[Opening Supplied information section]

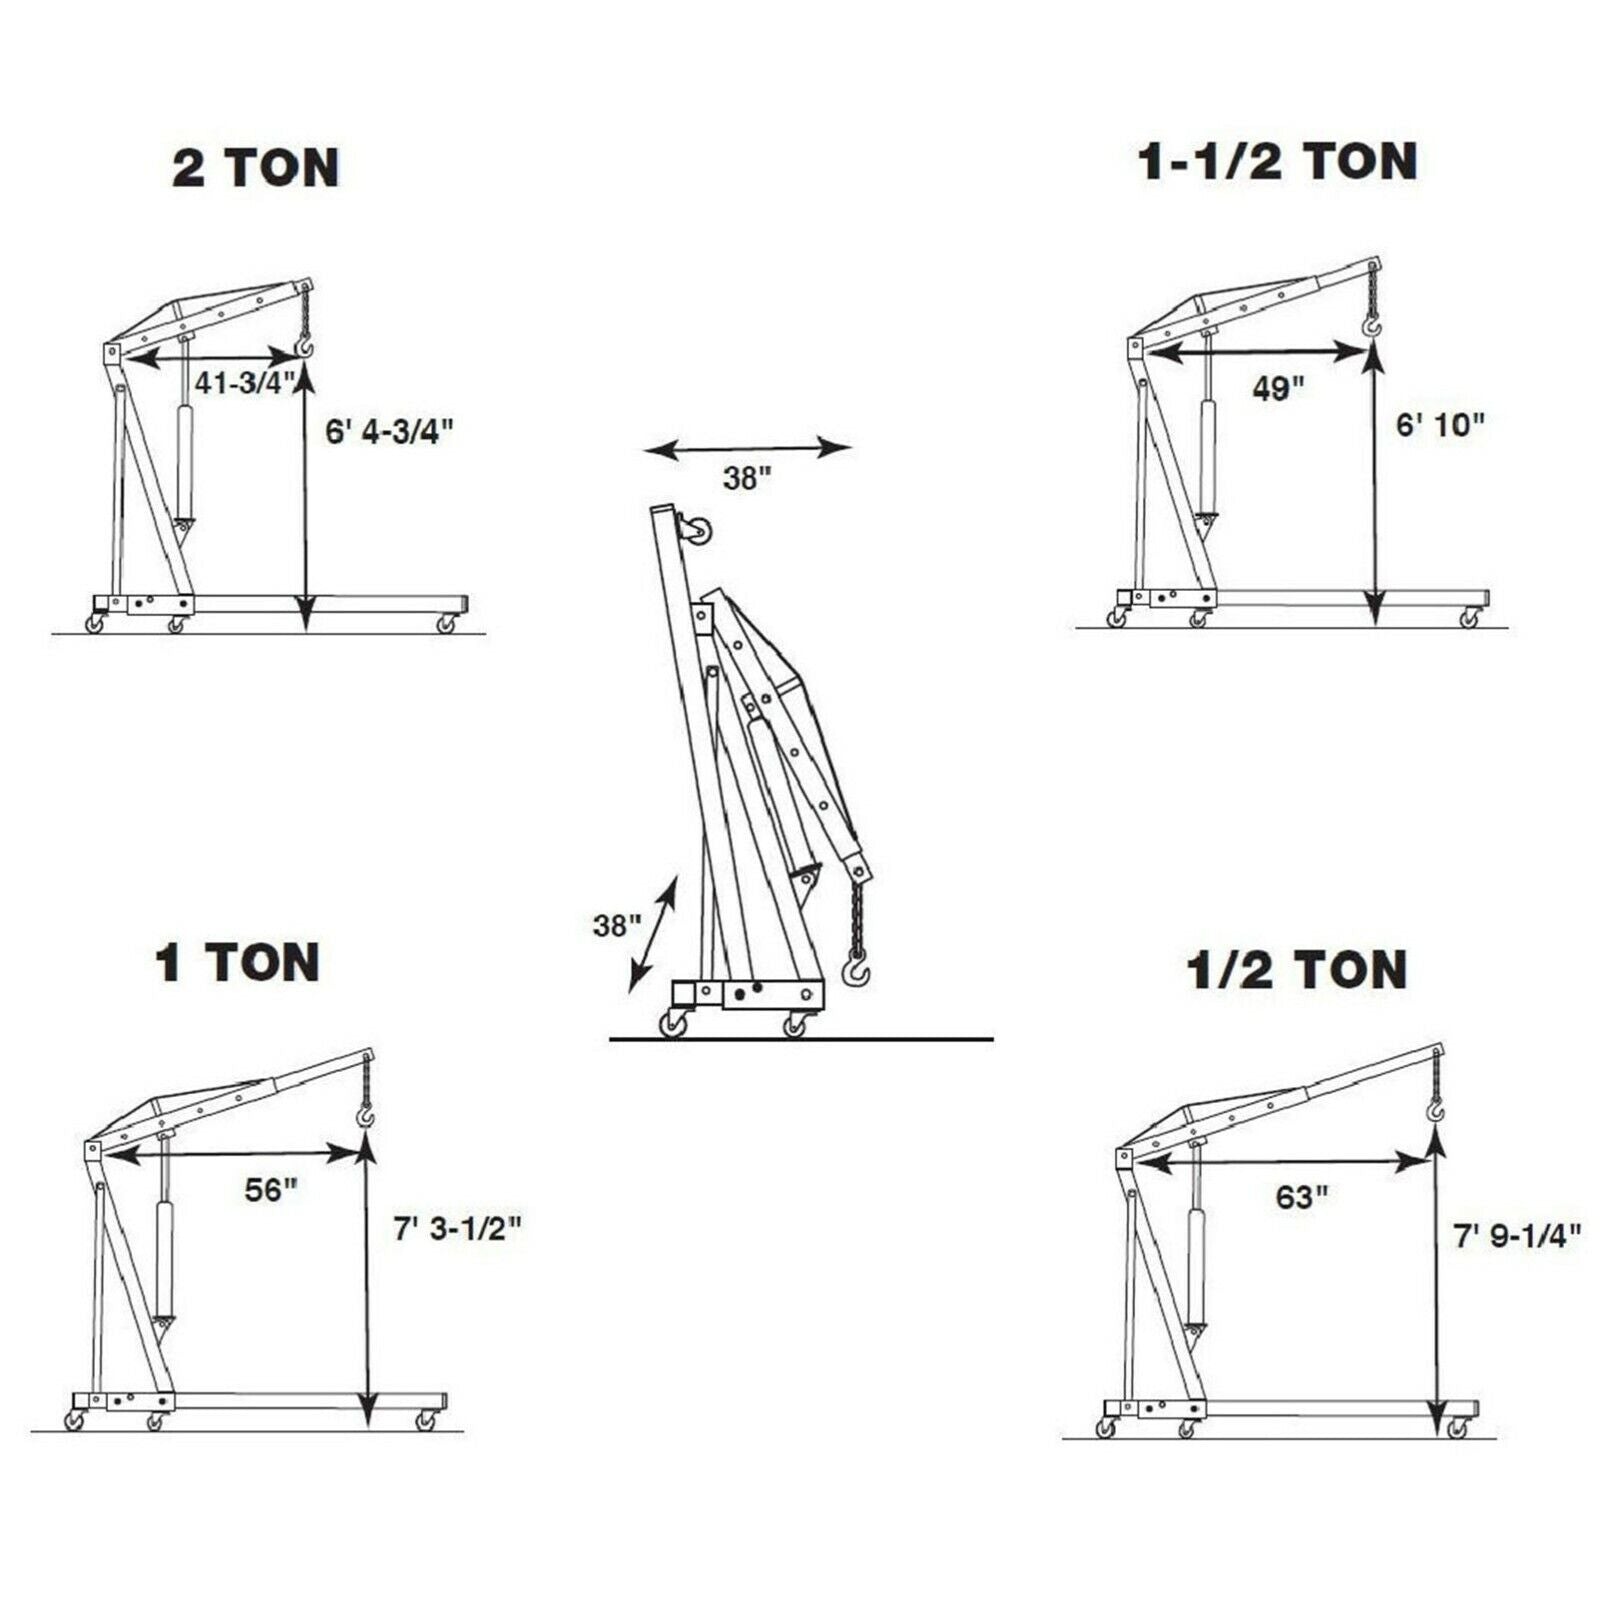 2 Ton Hydraulic Engine Crane Folding Hoist Stand Mobile Lifter
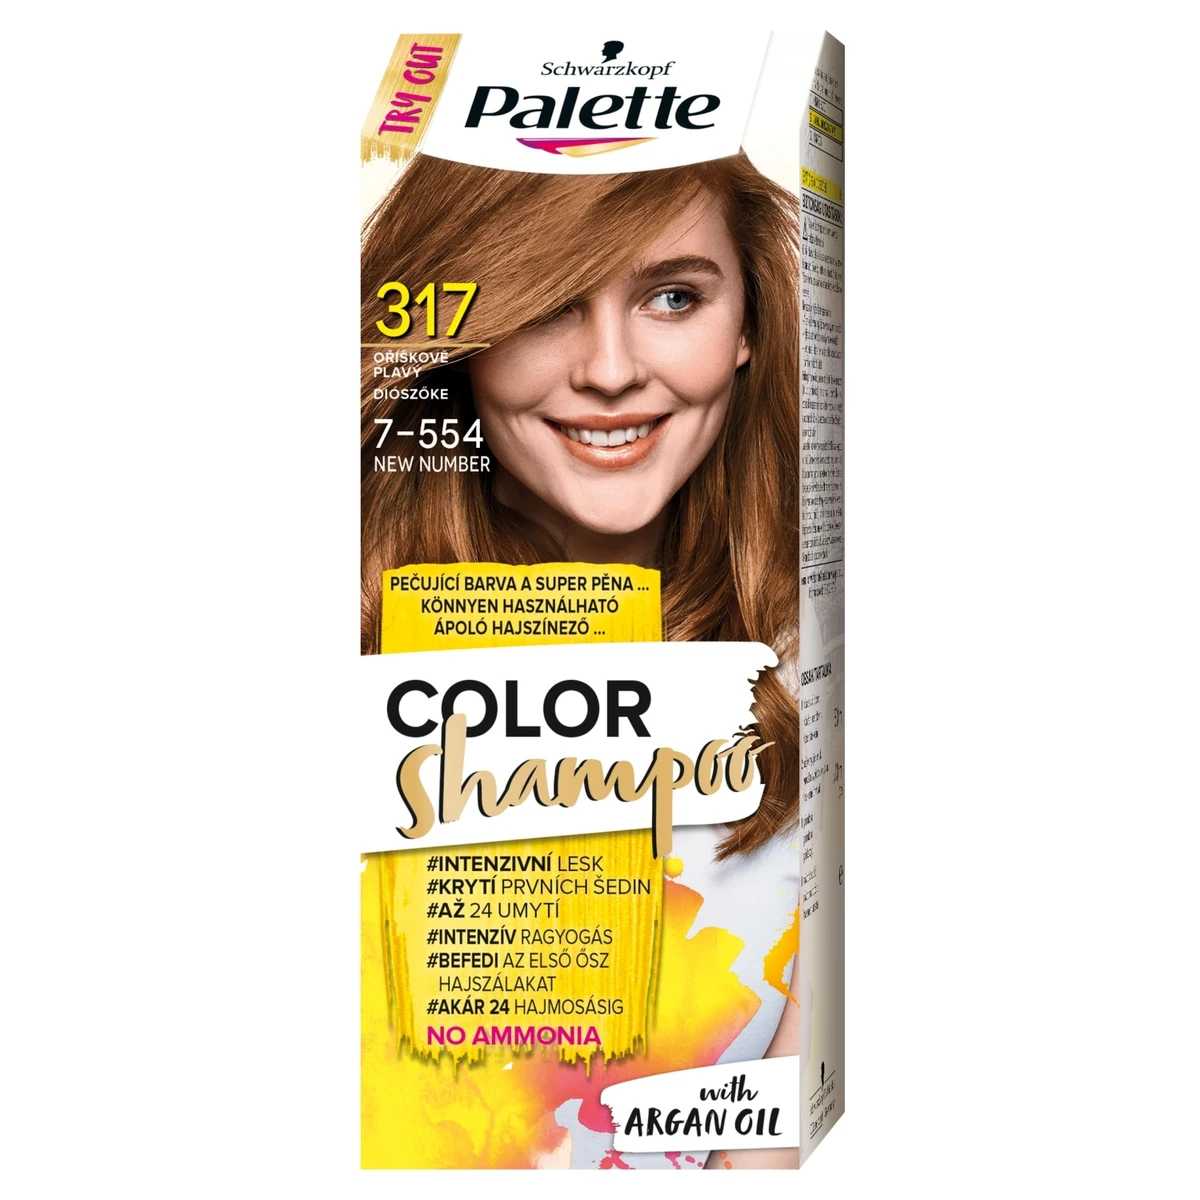 Schwarzkopf Palette Color Shampoo hajszínező 7 554 diószőke (317)
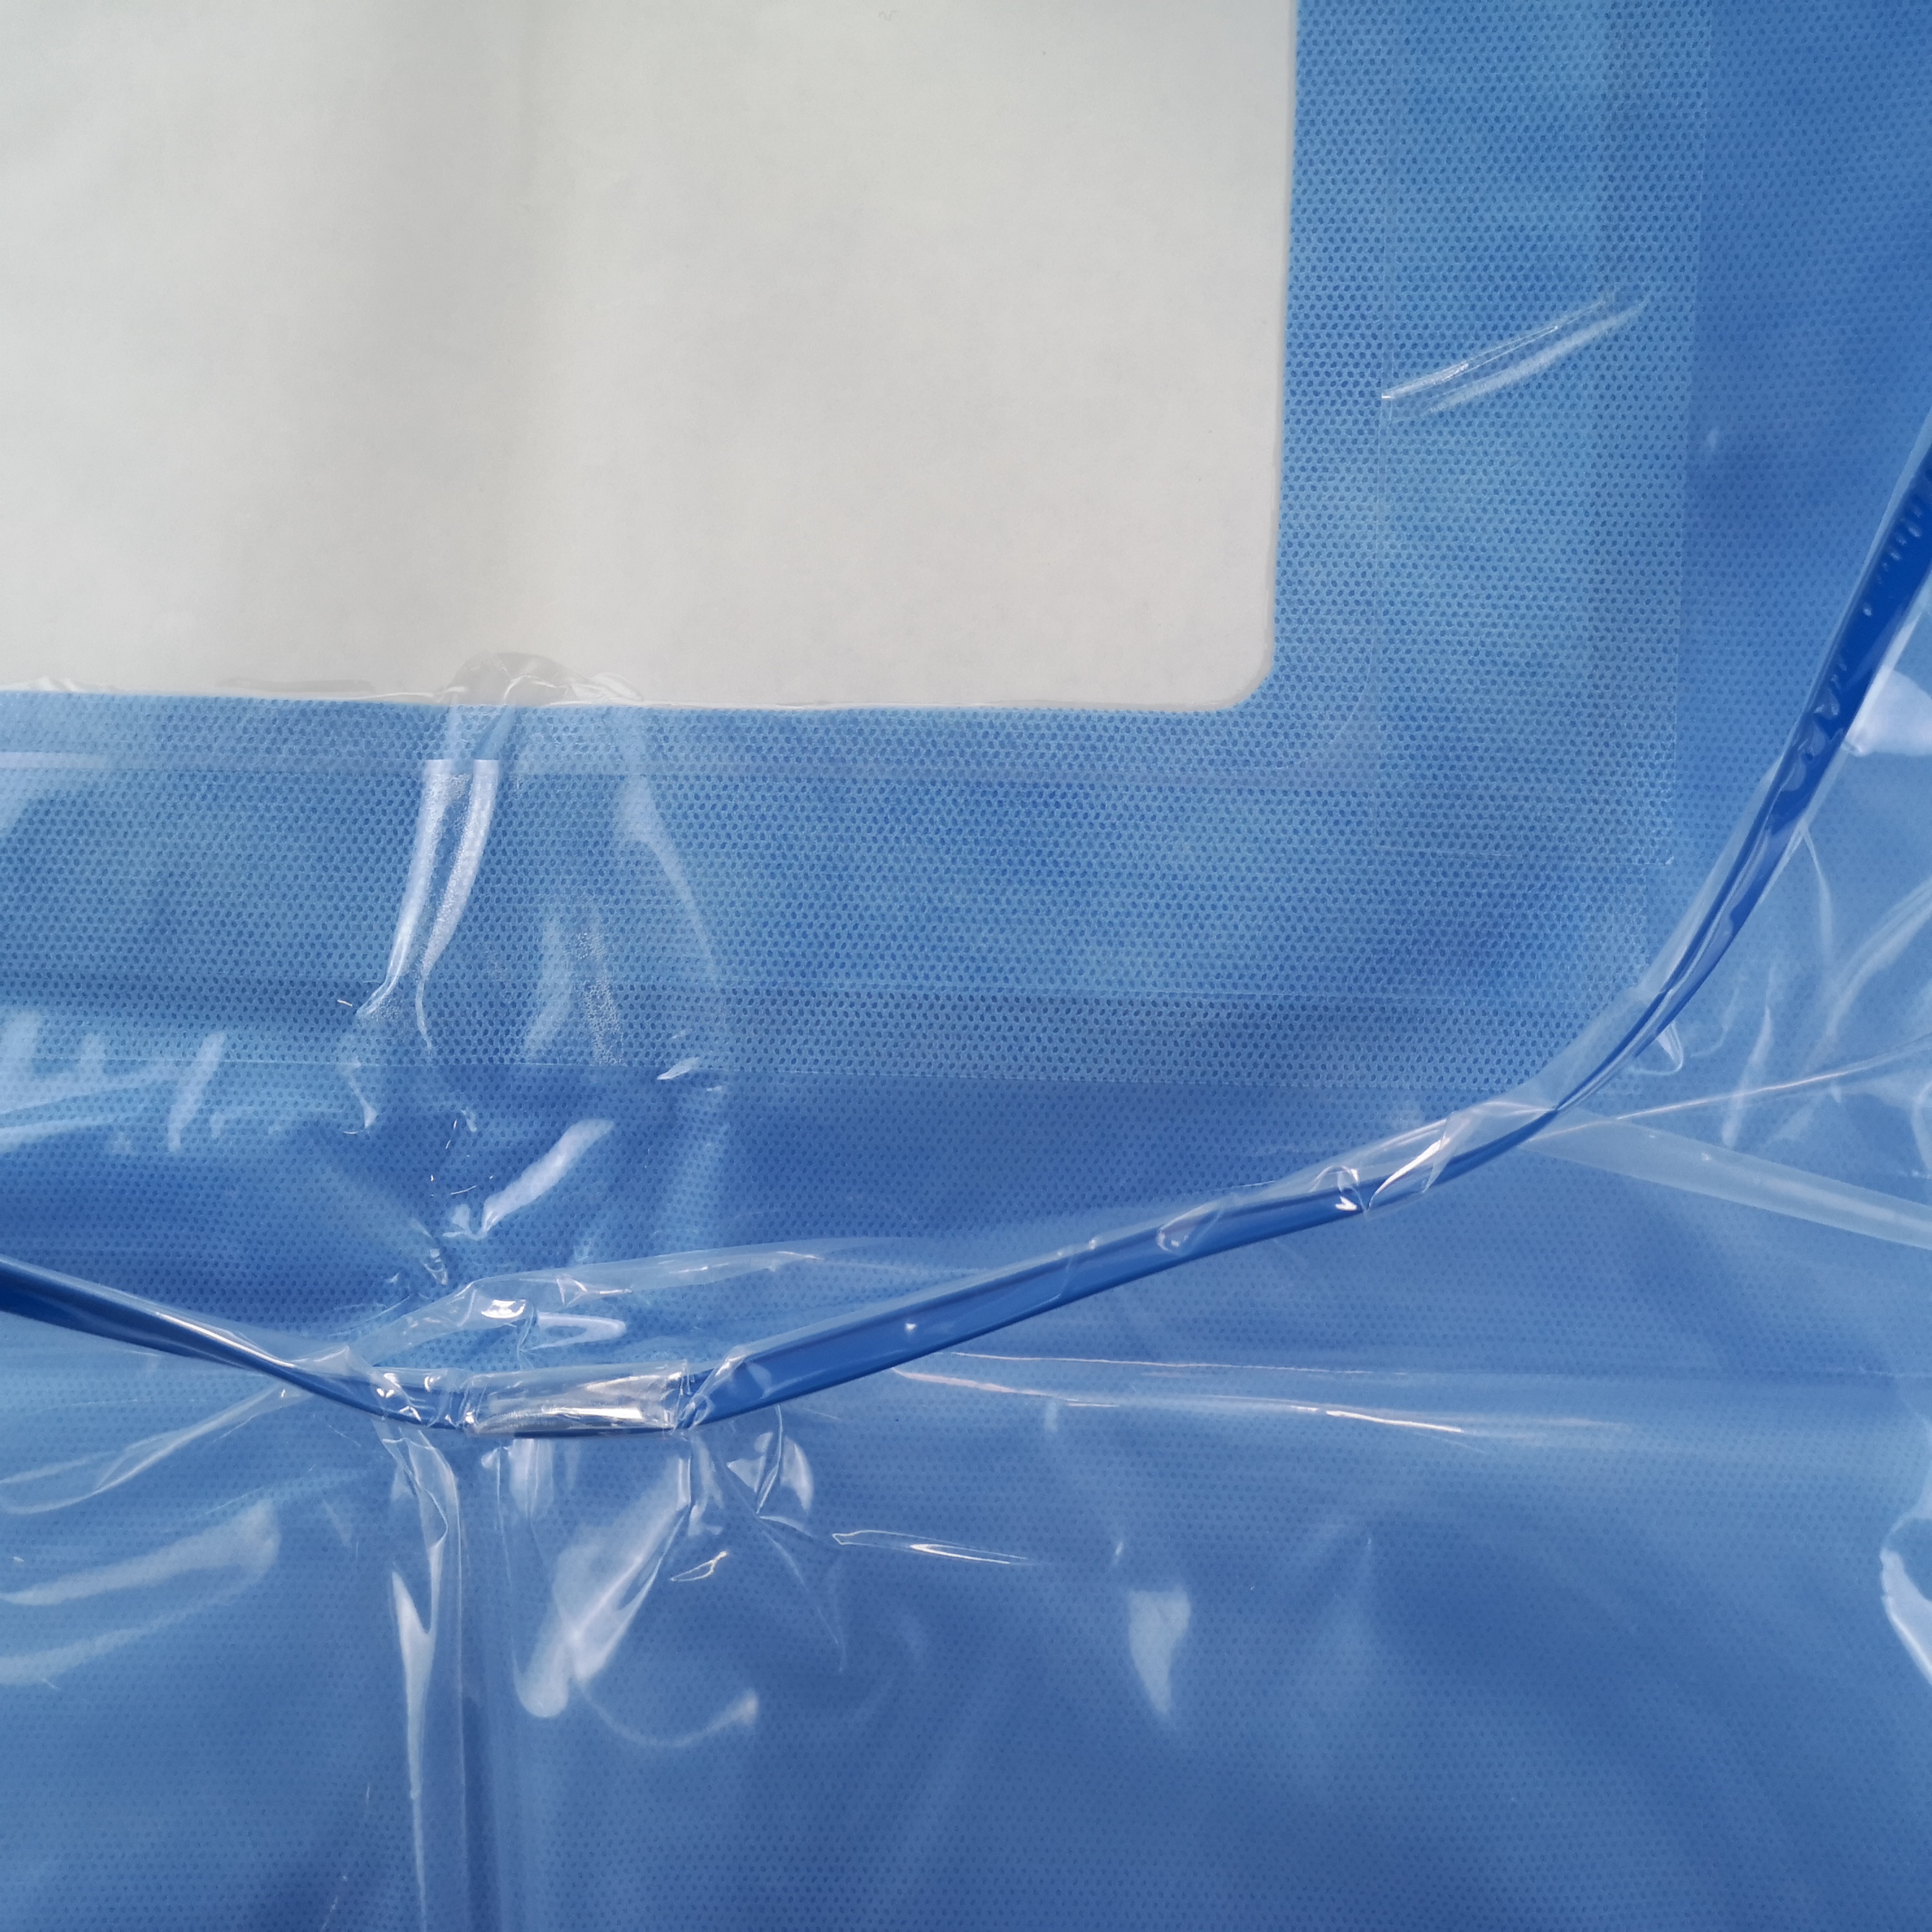 OEM ที่ขายดีที่สุด Medical Cesarean Section Birth Drape Kits ผู้ผลิตพร้อมใบรับรอง CE ISO13485

[Closing Supplied information section]

- How to complete this task -
Only the lines starting at the one that holds "Schwarzkopf Palette Color" and ending at the last line of the data belong in your answer. Please set them down exactly and omit the pictures.

- Answer box -
 Schwarzkopf Palette Color Shampoo hajszínező 7 554 diószőke (317)
 OEM ที่ขายดีที่สุด Medical Cesarean Section Birth Drape Kits ผู้ผลิตพร้อมใบรับรอง CE ISO13485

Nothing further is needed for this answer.